Washington Post business columnist Steven Pearlstein admitted the political motive:
With Republicans in control of Congress or the White House for most of the past 20 years, the business community has been able to achieve much of its policy agenda by playing an inside game. But with Democrats now threatening to retake the White House and possibly the Senate in 2020, and the Republican Party lining up behind a Republican president spouting populist rhetoric, business leaders feel some urgency to re-engage in the public debate. By disavowing shareholder primacy and embracing a broader vision of corporate purpose, the Roundtable has now enhanced the political legitimacy of such efforts.
Pearlstein, however, still sees the statement as important, not because he expects the document itself to cause a shift in corporate behavior, but because “it confirms a shift in attitude that has already occurred” that reflects a willingness of at least some corporate players to be more accommodating of social, economic, and environmental demands. It is also, of course, notable that shareholder (maximization) theory—a doctrine famously articulated in the New York Times by economist Milton Friedman in 1970 that said the sole social responsibility of business is to earn profits—has taken a major hit, at least rhetorically, from the CEOs of nearly 200 leading US companies.
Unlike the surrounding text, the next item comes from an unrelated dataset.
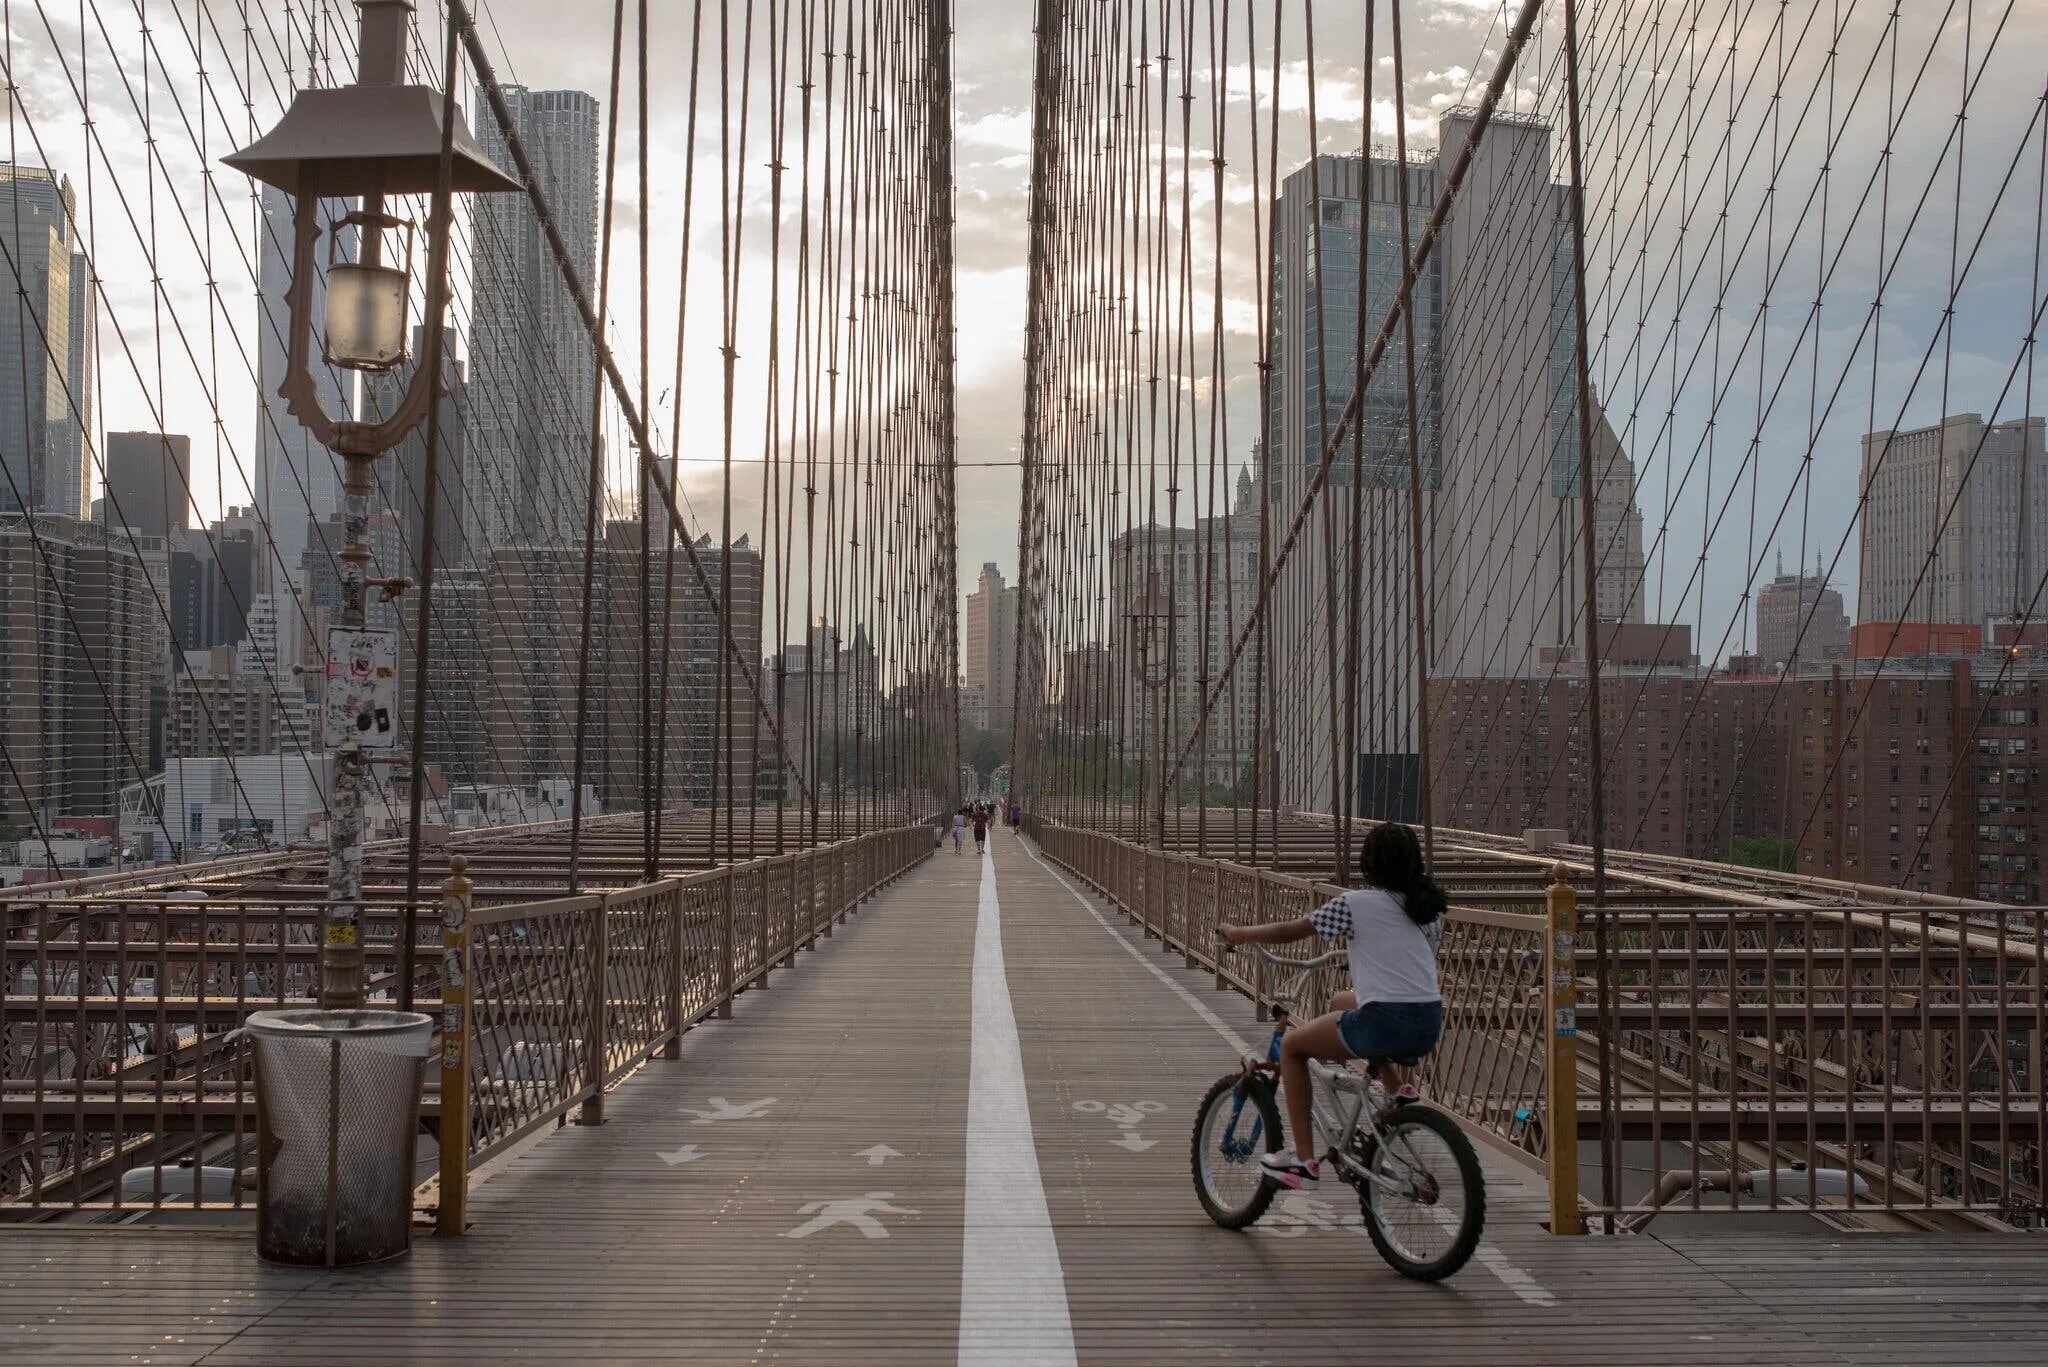 They the new bridge. Бруклин мост променад. Бруклинский мост. Бруклинский мост пешеходный. Brooklyn heights Promenade.

Still, there is good reason to be skeptical. Charles Elson, a business professor who directs the John L. Weinberg Center for Corporate Governance at the University of Delaware, remarked, “They talk about their great concern for the workers—well they’re the ones who’ve paid themselves so astronomically and created these pay gaps that are so dramatic. I’d like each of them to volunteer to cut their own salaries by two-thirds and give it back to employees if that’s the way they feel.” Of course, in Dimon’s case, this would leave him with annual compensation of a little over $9 million, barely enough to get by.